Bicara tentang cerita, saya takkan berpanjang-lebar. Ia mengisahkan perjuangan diplomasi uskup pertama asal pribumi bernama Soegijapranata. Bagaimana ia memahami arti sebuah kepemimpinan dan menerapkannya di tengah fase krisis: kolonisasi Hindia-Belanda, pendudukan Jepang, dan agresi militer. Walaupun pada mulanya saya berencana tak begitu menggubris selain hal-hal yang sifatnya performa teman kuliah saya, namun hasrat menikmati karya sinematik secara utuh tetap menyerang saya.

Plot. Saya bingung pada konsep dasar suguhan Garin ini. Dikatakan film sejarah, ia lemah. Riset artistik saya rasa (menimbang secara batiniah karena tanpa riset) kurang, mengingat aspal-aspal jalanan sudah nampak sebegitu mulusnya. Pemilihan bahasa komunikasi pun ada yang terkesan anakronis. Saya sempat dengar dialog kecil seorang tokoh di film ketika sedang menawarkan bantuan, ia berucap seperti halnya seorang pegawai bank sedang melayani pelanggan penuh keramahan. Di samping itu, jika ditilik judul filmnya maka sepintas di benak kita akan muncul kesan bahwa film ini mengisahkan tentang Soegija, semacam biopik atau sejenisnya.

Namun yang kita dapati dalam Soegija jauh bias daripada yang saya sampaikan di atas.
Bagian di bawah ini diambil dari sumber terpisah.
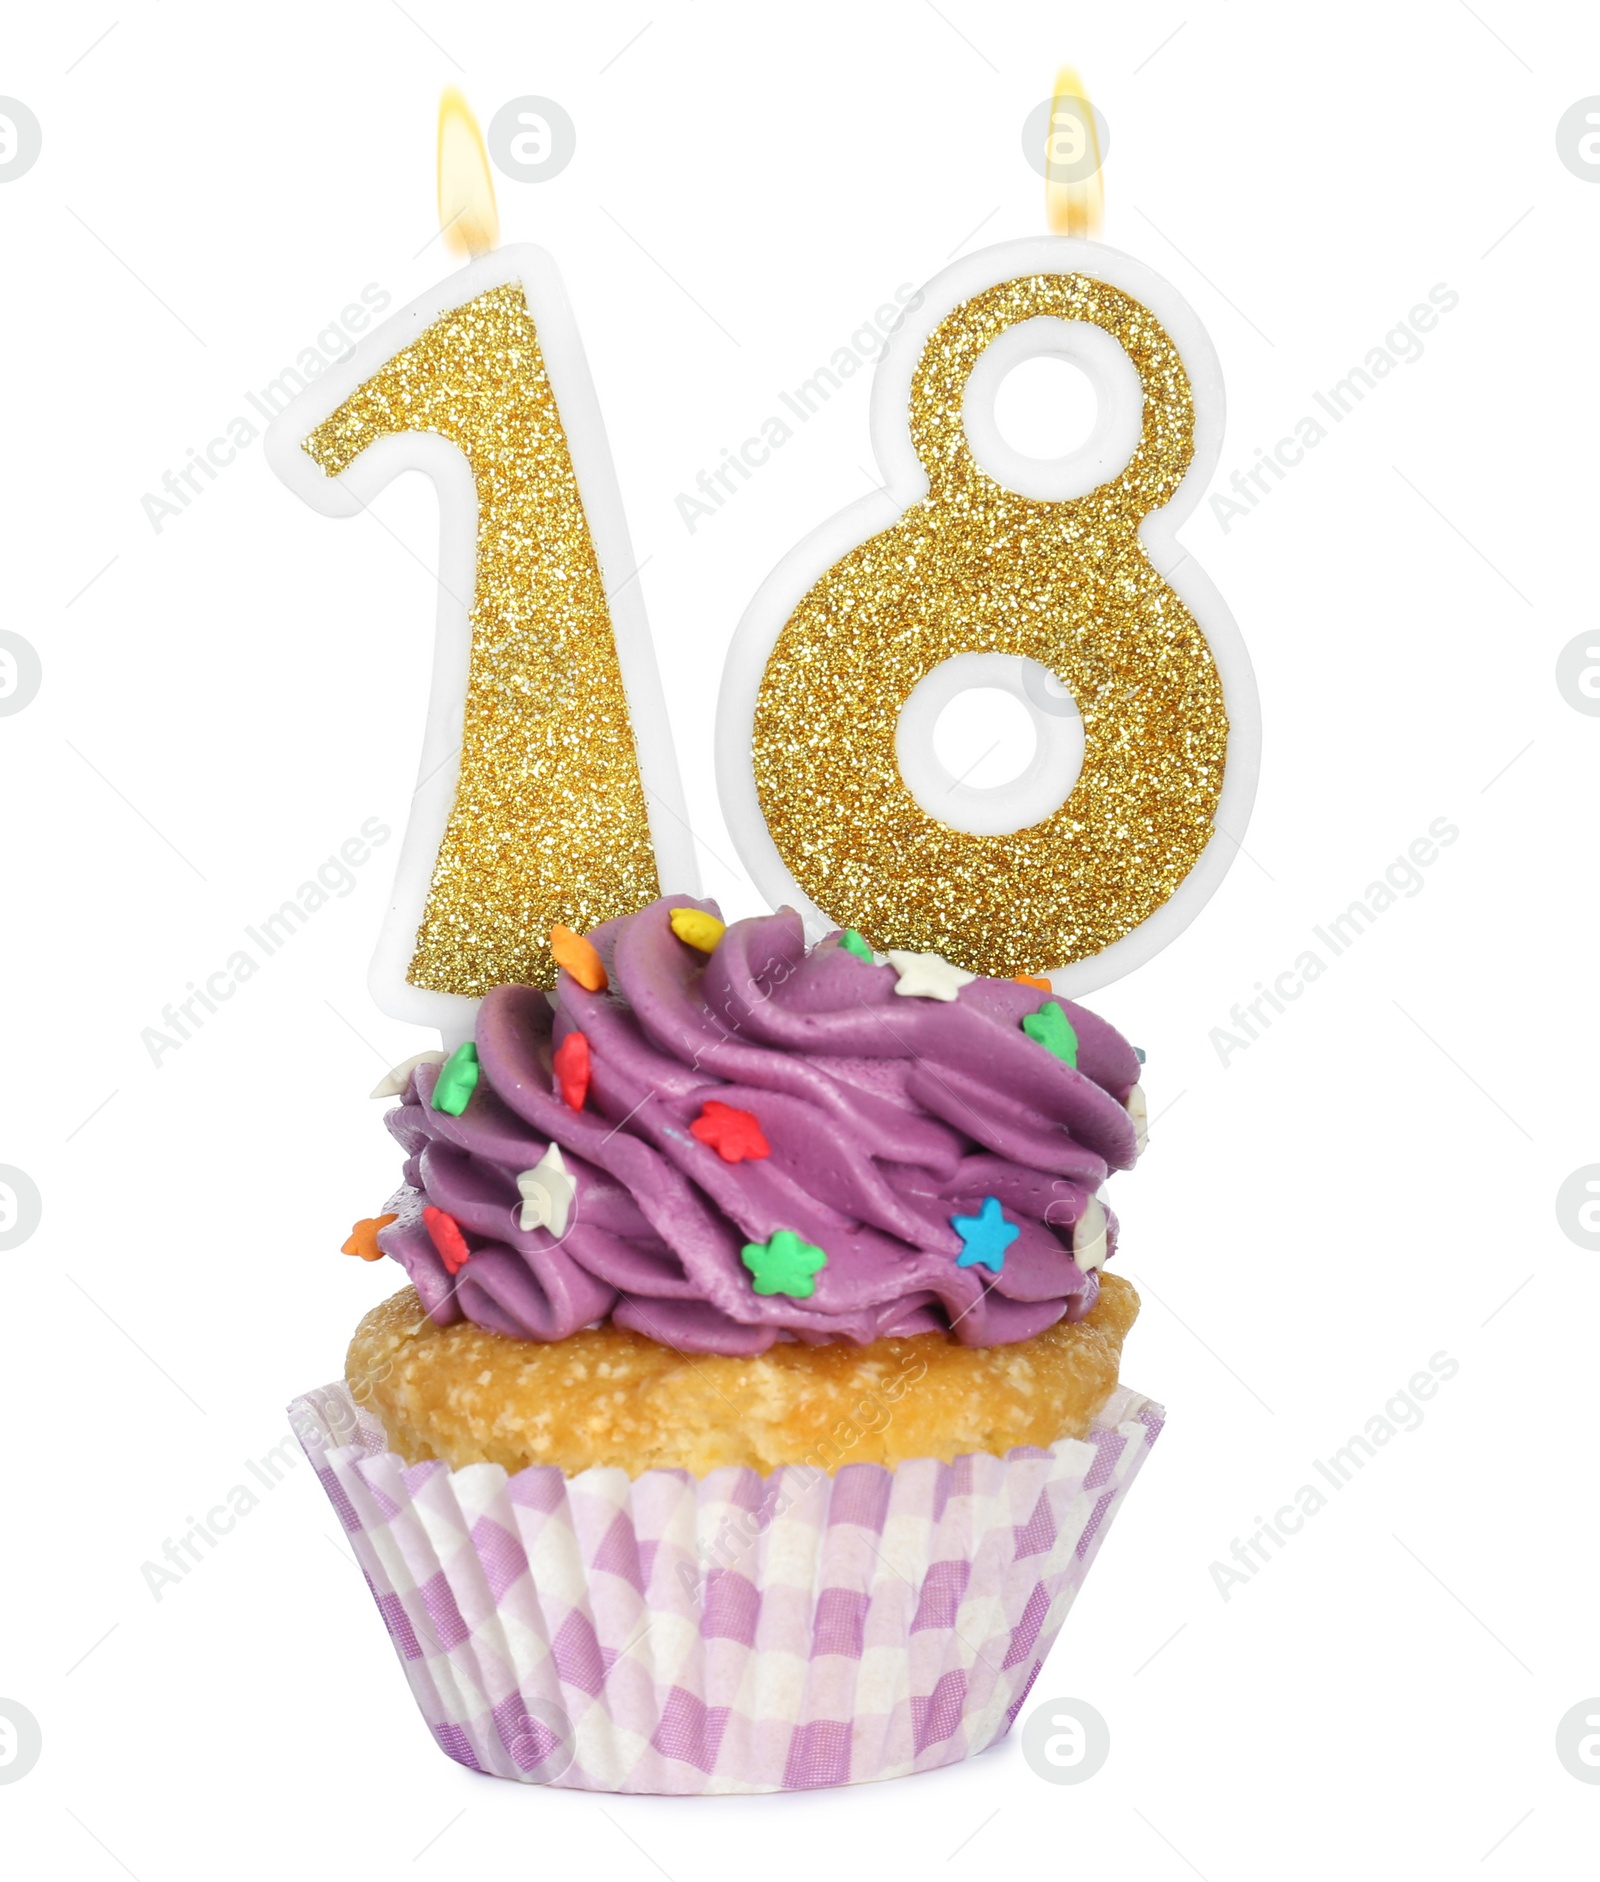 Photo of 18th birthday. Delicious cupcake with number shaped candles for coming of age party on white background

Selain jarang tampil, Soegija pun tak cukup berkontribusi dalam keseluruhan plot film. Karakternya hanya menempel. Bahkan filmnya lebih banyak menceritakan fragmen-fragmen kehidupan di sekitarnya. Tentang pasangan beda bangsa saling cinta, tentang ibu-anak terpisah, tentang bagaimana semangat nasionalisme diartikan oleh masyarakat sipil dan tentara amatir, dsb. Terlalu banyak porsi tambahan yang dijejalkan membuat saya melihatnya jadi lebih tak karuan.

Hiburan yang dapat saya terima bisa dihitung: (1) dapat melihat akting bagus teman kuliah—ia memerankan karakter bernama Maryono—juga para pendatang baru lainnya; (2) iringan musik nan merdu; dan (3) beberapa pengambilan gambar cukup panoramik dan syahdu. Saya paham bahwa film berbujet sekitar 12 miliar rupiah ini bertujuan mengangkat kembali arti keteladanan pemimpin dalam bingkai belajar pada sejarah. Namun, amat sangat disayangkan… saya tak mendapatkan itu. Minimal paling tidak saya tadinya membayangkan akan mampu mengutip sebuah kalimat atau mendiskusikan satu saja momen bersejarah. Yang terjadi setelah keluar gedung bioskop malahan saya dan dua teman saya mendiskusikan tentang keanehan film yang baru saja ditonton. Satu konsensus didapat, “nanggung”.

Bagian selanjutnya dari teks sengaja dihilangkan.